Now let’s go back to the Karlsruhe court case. This is a clear case of consumers complaining that they get potatoes sold at the price of tomatoes. And of course, a judge cannot outright forbid the practice. But the ruling does say that oil-indexation cannot be used as a justification of price rises if the underlying costs for the suppliers haven’t risen equally as much. This could have some important ramifications. Gas suppliers currently win a lot of money on oil-indexed vs Hub-indexed gas arbitrage. For example. If the Hub price is low, as it currently is, they only buy their minimum obligation (take-or-pay volume) from the gas producer. If the total sum of consumption of their clients is larger than that take-or-pay level, they buy the extra gas on the Hub and sell it against oil-indexed prices to their clients. The Karlsruhe court ruling puts such money spinning based on oil-indexed end contracts in question.

Moreover, the big German gas suppliers seem to have understood that the current decoupling of gas and oil prices could continue. They have therefore renegotiated their Gazprom contracts and the Russian gas giant is now indexing part of its gas prices to the Hub prices. However, in the retail market, the big suppliers continue to encourage clients to buy gas at oil-indexed prices. Isn’t that another example of what the Karlsruhe court ruling calls a price rise based on oil-indexation that is not supported by the real cost structure of the suppliers?

It remains to be seen whether the court ruling could have any short term practical consequences for industrial consumers that are frustrated with their oil-indexed gas contracts.  But I am convinced however that it could have some longer term consequences:

1/ As large European gas resellers try to renegotiate terms with Russians and Norwegians to include Hub components in the gas price indexations, the court ruling will help them in stating their case,

2/ It draws consumers attention to the ambiguity of oil-indexed gas pricing, which many large industrial consumers, especially in Germany, take for granted. They are easily convinced by suppliers’ arguments that oil-indexation is ‘safer’. Many think that the Hub market is a spot market. IT IS NOT ! You can buy gas for 2013 today based on Hub pricing. That’s not exactly my idea of a spot market. Still, today, in almost every German newspaper I read, I find that the Hub markets are described as spot markets and spot markets are more risky. The raw facts, however, are there. If you have chosen an oil-indexed gas contract 12 months ago, you pay a lot more than if you have chosen that ‘risky’ Hub price. Moreover, if you had chosen a Hub contract five years ago, you would have suffered spikes that never went much higher than oil-indexed price spikes and your average gas price over those five years would have been substantially lower. The Karlsruhe court ruling might help consumers to have a fairer assessment of hub prices. I found out at least one German client today where the articles on the court ruling were being mailed around.
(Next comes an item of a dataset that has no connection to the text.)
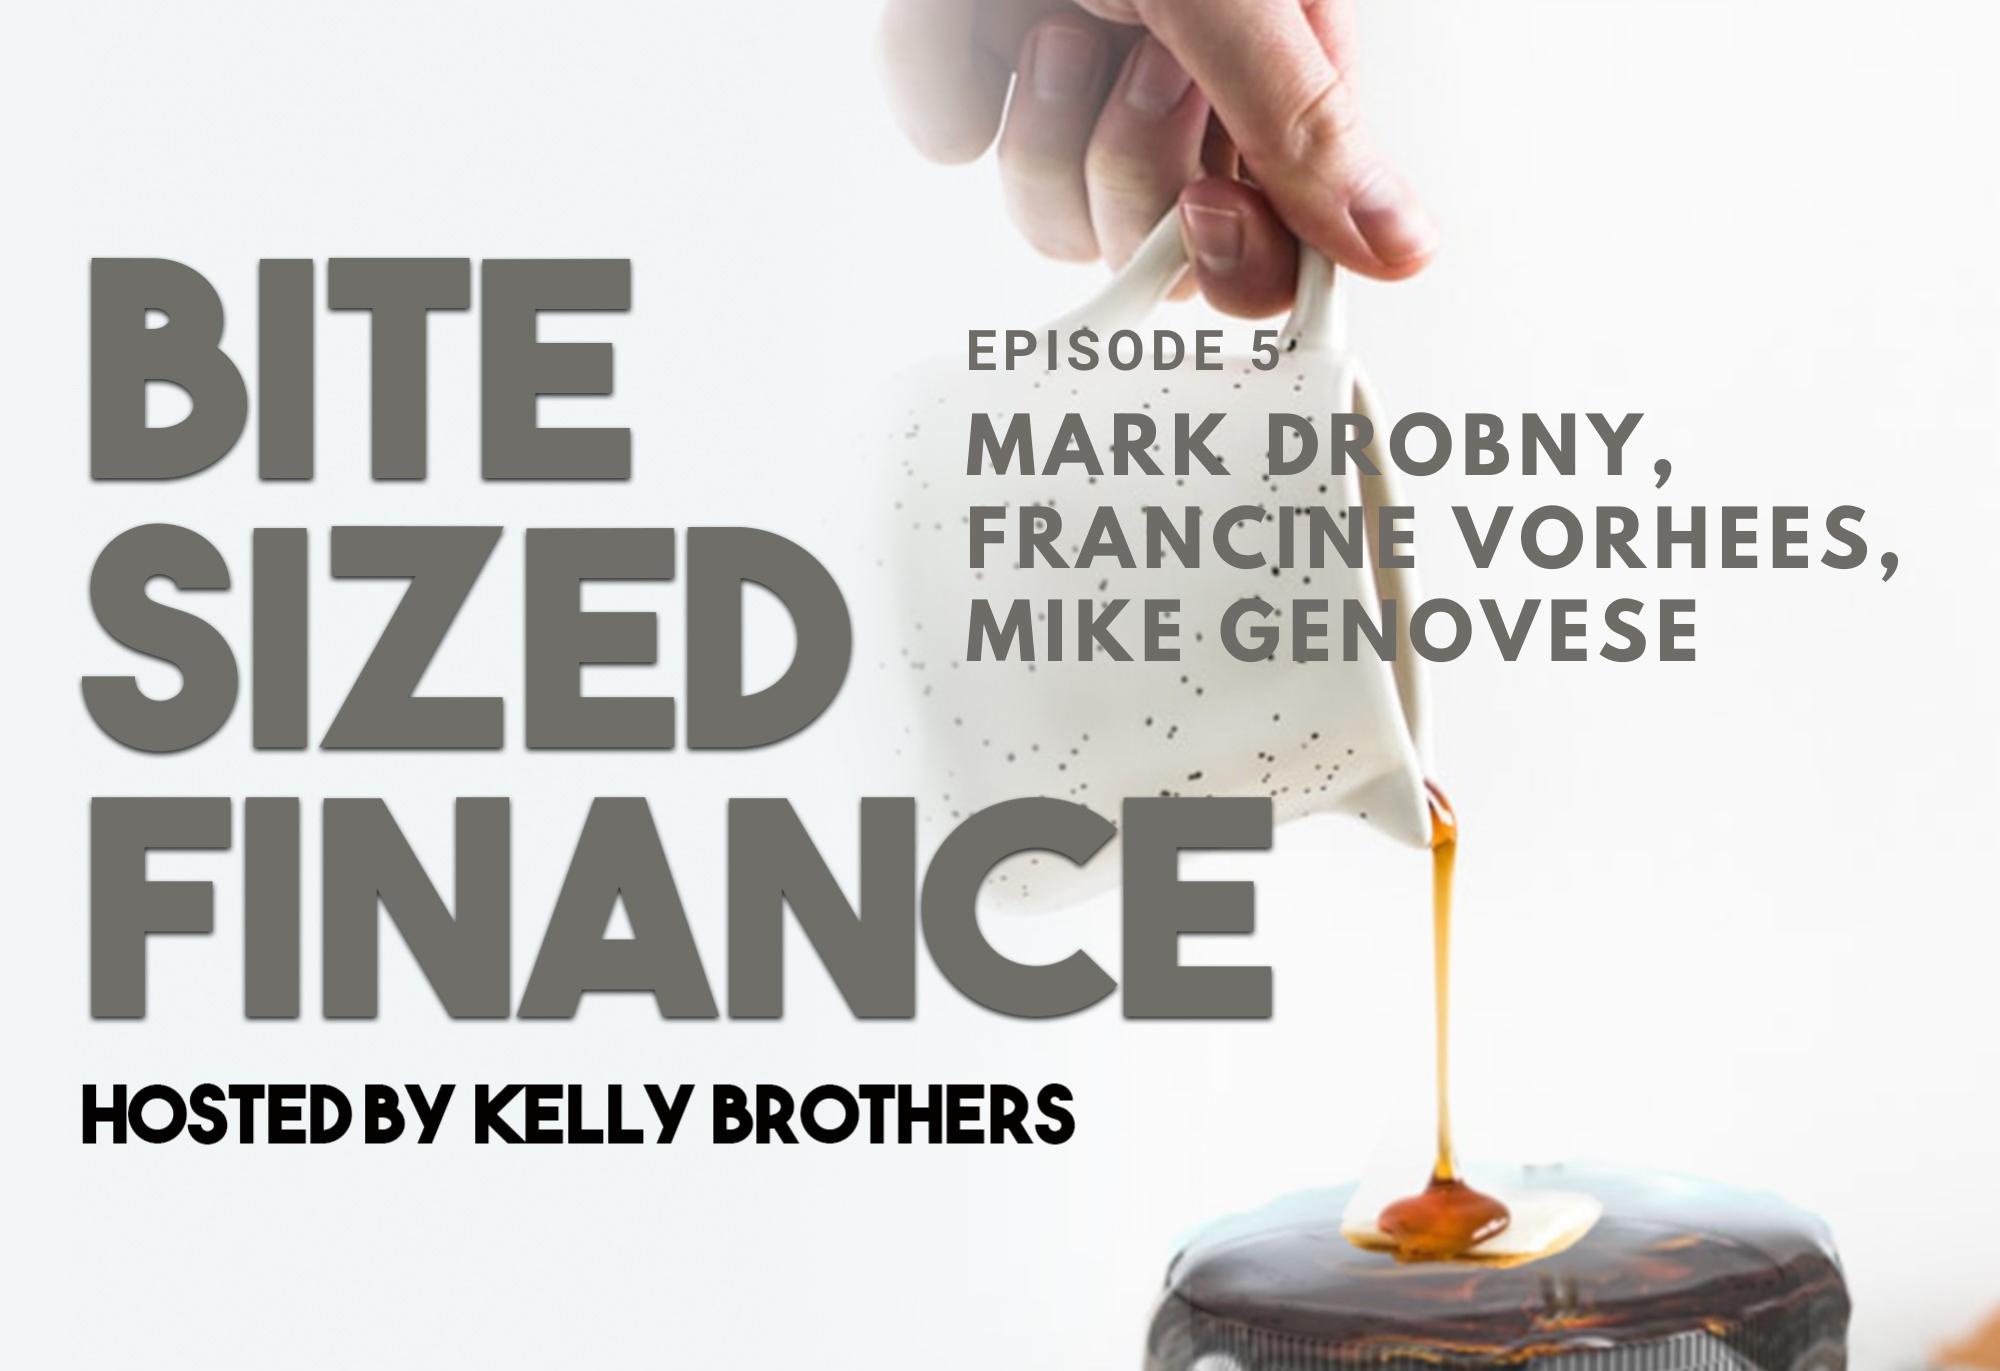 Episode 5 - Mark Drobny, Francince Vorhees, Mike Genovese Thumbnail

3/ It will draw politicians attention to the problems of continuing with oil-indexed gas prices if Hub gas prices stay where they are. The papers cited several German politicians that pleaded for ending the oil indexation, the long term contracts along with it and go for a fully liberalized gas market. That is very remarkable in a country where a former chancellor hammered out the North Stream pipeline deal (all very long term and very oil-indexed contracts) and was rewarded with a top job at the company constructing it.

The decoupling of gas and oil prices is an extremely interesting event. We are not predicting that it will continue. However, if you look at reserves of natural gas and oil, you cannot deny the potential of it continuing. If it doesn’t, it is because somebody blocked the import of extra quantities of gas into Europe. Long term oil-indexed pipeline gas deals are an excellent instrument for doing so. The Karlsruhe court ruling could be an important milestone in fighting such blocking of the markets by oligopolies. Let’s hope it will turn out to be so.